# It’s finally happening, the PowerShot SX70 HS is next to be announced



## Canon Rumors Guy (Sep 15, 2018)

> The long-awaited Canon Powershot SX70 HS looks to be the next camera announced by Canon. The Canon superzoom compact camera has been wanted for years from lots of shooters out there.
> There are no specifications at this time, but they should start leaking out in the near future.



Continue reading...


----------



## GaryBlakePhoto (Sep 15, 2018)

Good! I'm still using my SX60 to amazing results. Better AF and a better sensor would do wonders.


----------



## Pascal Parvex (Sep 15, 2018)

It will most probably use the new Digic 8 and offer UHD video. Keeps being seen if it will go over 100x zoom.


----------



## fullstop (Sep 15, 2018)

"long awaited" .. lol. Who still buys that sort of camera today?


----------



## traveller (Sep 15, 2018)

fullstop said:


> "long awaited" .. lol. Who still buys that sort of camera today?


Well, I did hear of this one guy called Gary Blake...


----------



## RickWagoner (Sep 15, 2018)

fullstop said:


> "long awaited" .. lol. Who still buys that sort of camera today?



Birders who don't want to carry 7lbs of gear on them. Amazing little cameras for people who mostly use Binos on their trips.


----------



## crashpc (Sep 15, 2018)

I wonder if they could optimize for real reach photography. Like doing only 250-1750mm - 7x zoom, 1/1,7" sensor and really good optics...


----------



## Mt Spokane Photography (Sep 15, 2018)

I had 2 SX50's, one did not work properly, the other worked fine, but was a struggle to use and most of my photos were poor. I briefly had a SX60 but returned it. That small sensor is very noisy at anything above base ISO, and a high shutter speed with the small aperture insures noise under most conditions if its not a very bright day.


----------



## crashpc (Sep 15, 2018)

Yes, that´s the compromise. You can´t have all aspects right - image quality, reach, size and weight and price.
Pick two...


----------



## JBSF (Sep 15, 2018)

fullstop said:


> "long awaited" .. lol. Who still buys that sort of camera today?

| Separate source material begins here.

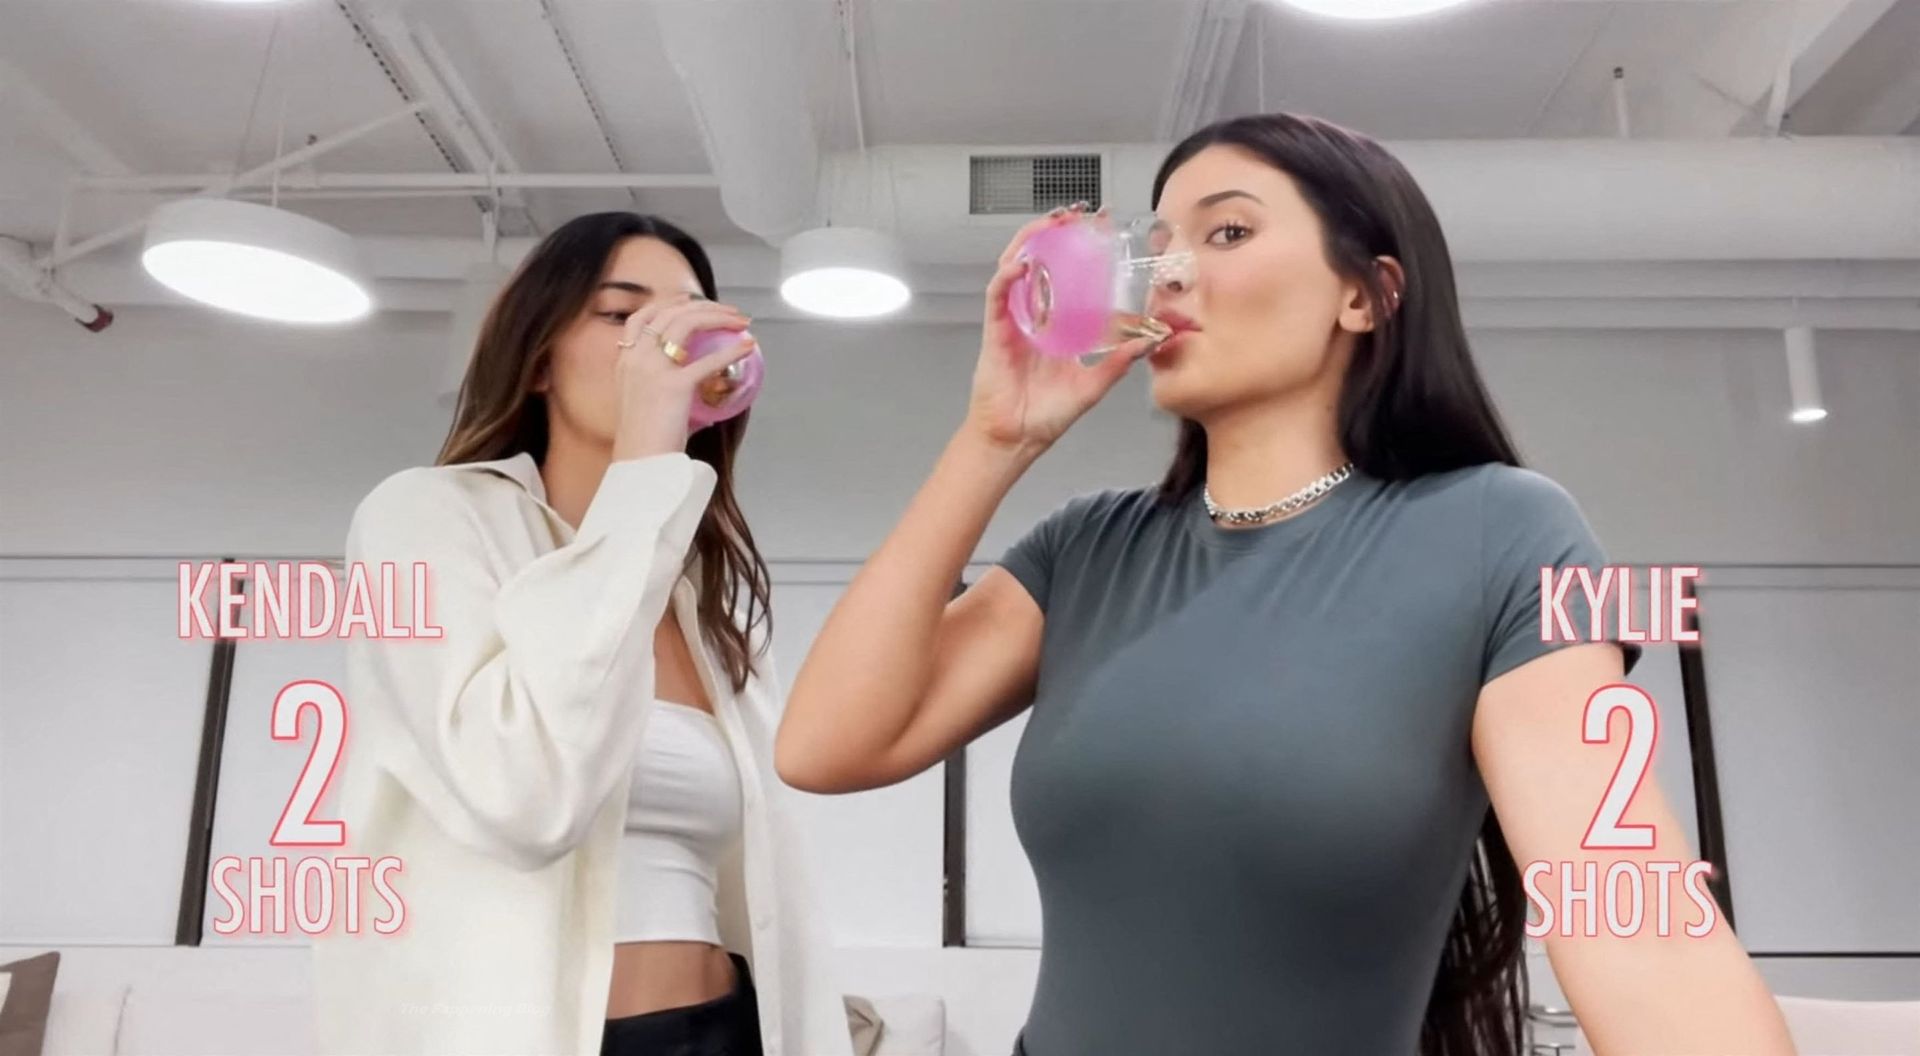 Kendall and Kylie Jenner Sexy - Get Ready With Me (92 Pics + Video) .

Idiotic comment. Here’s an entire website shot with “that sort of camera”: http://azdragonfly.org/


----------



## fullstop (Sep 15, 2018)

there are entire websites and movies shot with iPhone. i prefer a caneraphone over one of these cludgy superzoom tiny dwarf sensor cameras. at least phones are small and serve multiple purposes. and iq is not much behind, if at all.


----------



## LDS (Sep 15, 2018)

Mt Spokane Photography said:


> photos were poor



When you just need to record something, and it's well recognizable in the photo, even if it's "poor" from a pure photographic perspective, some cheaper and lighter equipment could be all that you need.


----------



## Chaitanya (Sep 15, 2018)

fullstop said:


> "long awaited" .. lol. Who still buys that sort of camera today?


A lot of people in wildlife do, its more convinient to get good video of animal behaviour(good light conditions) with a bridge camera than it is to do with a Slr with telephoto lens attached.


----------



## RiceCanon (Sep 15, 2018)

I have an SX50 that I've used for concerts when I need lots of reach and the venue or band won't let you in with a "pro" camera. I like it for the reach and the ability to shoot in RAW. My results with post processing have been quite good, although I don't shoot with it over 800 ISO. It will be interesting to see how much improvement the new sensor will have.


----------



## StarJack (Sep 15, 2018)

Excellent news! I'm curious to see how far they extended the reach of the lens, given the Nikon P900/1000 and others. Looking forward to the specs.


----------



## AlanF (Sep 15, 2018)

RiceCanon said:


> I have an SX50 that I've used for concerts when I need lots of reach and the venue or band won't let you in with a "pro" camera. I like it for the reach and the ability to shoot in RAW. My results with post processing have been quite good, although I don't shoot with it over 800 ISO. It will be interesting to see how much improvement the new sensor will have.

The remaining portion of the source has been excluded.